In our study, preoperative distance deviation was not a predictive factor for successful surgery. This finding that the quantity of preoperative distance deviation was not predictive of successful alignment following bilateral rectus recession was similar to the finding of Richard and Parks,17 and Stoller et al.18 On the other hand, Ruttum28 and Gezer et al25 reported that the preoperative angle of deviation is involved in postoperative recurrence.

Unlike previous studies,6, 17 the rate of surgical success was higher with higher immediate postoperative esotropia. There is a consensus with the study by Rabb and Parks10 that states a slight overcorrection of approximately 11–20 PD at immediate postoperative measurement yields the best result. Diplopia, a reduction of suppression and stimulation of fusional ability, is believed to be induced by overcorrection at immediate postoperation, providing long-term stability of ocular alignment.

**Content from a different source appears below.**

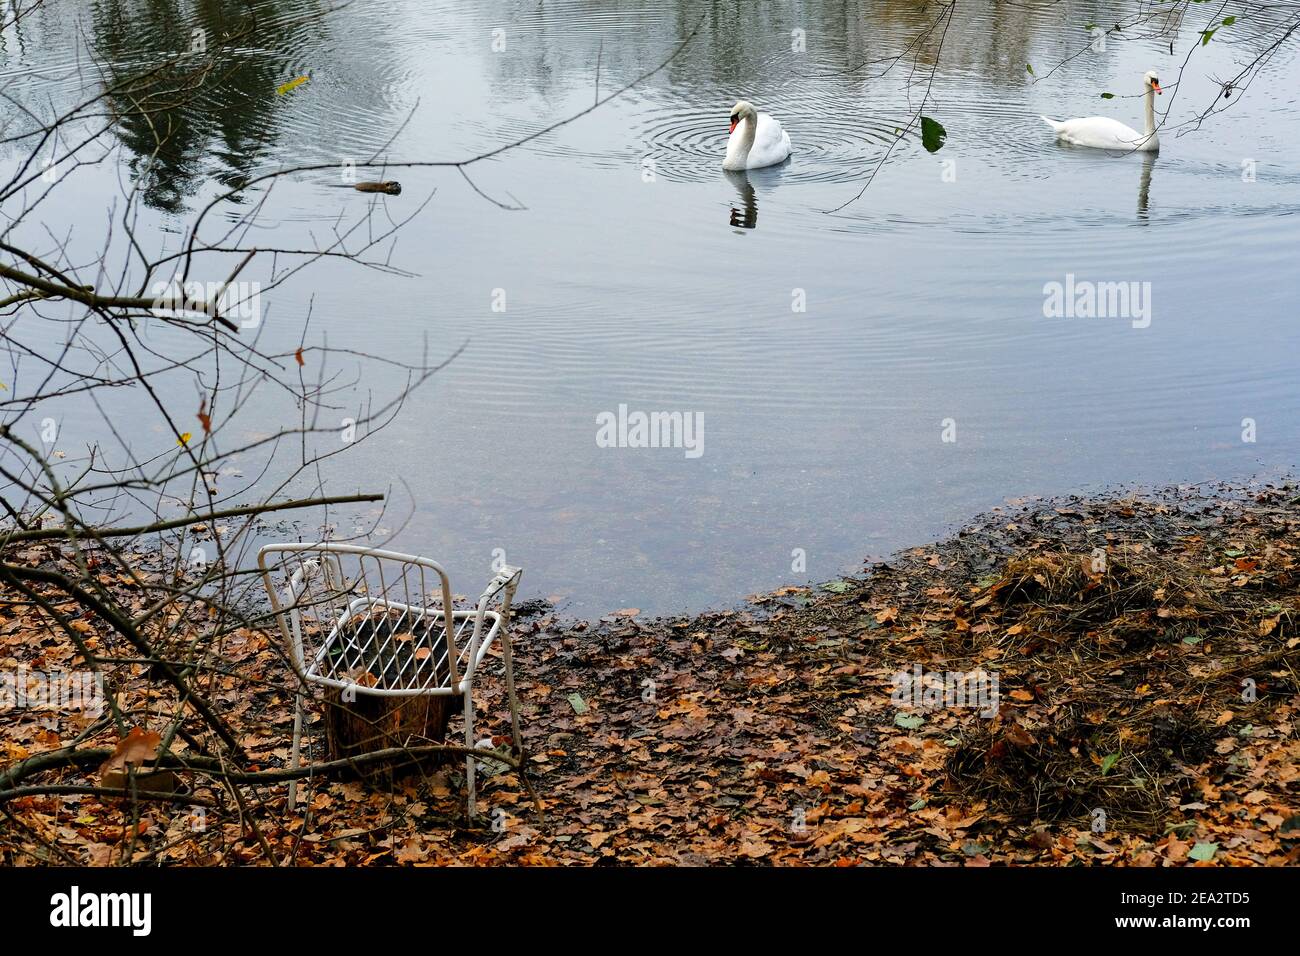 Wedtlenstedt, Germany. 11th Dec, 2020. Swans (Cygnus) and a nutria (Myocastor coypus) swim on a hidden fishing pond, an old lawn chair stands in wilted leaves on the shore. Credit: Stefan Jaitner/dpa/Alamy Live News Stock Photo

In addition to immediate postoperative deviation, the recurrence rate was also significantly decreased with the lower angle of deviation at 1, 3, 6, and 12 months of postoperation. A similar result is also shown in the study by Ing et al,17 which stated that postoperative deviation at 6 months revealed only a statistical relation to the surgical outcome. It appears to be consistent, considering the fact that intermittent exotropia shows a tendency toward exotropia in time.19 However, von Noorden11 reported that overcorrection of a certain degree immediately after surgery was just a coincidence.

Another issue of surgery of intermittent exotropia is overcorrection during early childhood. Postoperative overcorrection in a child age 4 years or below having an immature visual acuity may lead to secondary perceptual adaptation to esotropia; therefore, particular care must be taken.

In this study, the angle of deviation of 10 patients who underwent BLR before the age of 4 was 20–25 PD, with a diverse frequency of 20–70%. This may have been a consequence of different surgical motives, such as caregivers recommending early surgery after early recognition, as well as patients with frequent exotropia requiring surgery. No overcorrection was reported, with a success rate of 40% and recurrence rate of 60%. This result contradicts the study by Richard and Parks18 that reported higher frequencies of overcorrection in younger patients. Meanwhile, BLR has also been reported to have statistically lower rates of overcorrection, compared with a unilateral recess-resect procedure.8 For these reasons, authors believe that overcorrection was rare in patients younger than 4 years with recession below 6 mm. However, the major limitation of this study is its non-randomized, retrospective design. A second limitation is the lack of sensory test analysis.

In conclusion, our study demonstrated that recurrence of intermittent exotropia was influenced by patients’ age at surgery and angle of deviation immediately after surgery. In addition, we found that the success rate of surgery decreased over the course of follow-up. Therefore, immediate postoperative overcorrection, as well as angle of deviation at follow-up, should be measured accurately. Most important, patient age at surgery should be seriously considered in postoperative overcorrection.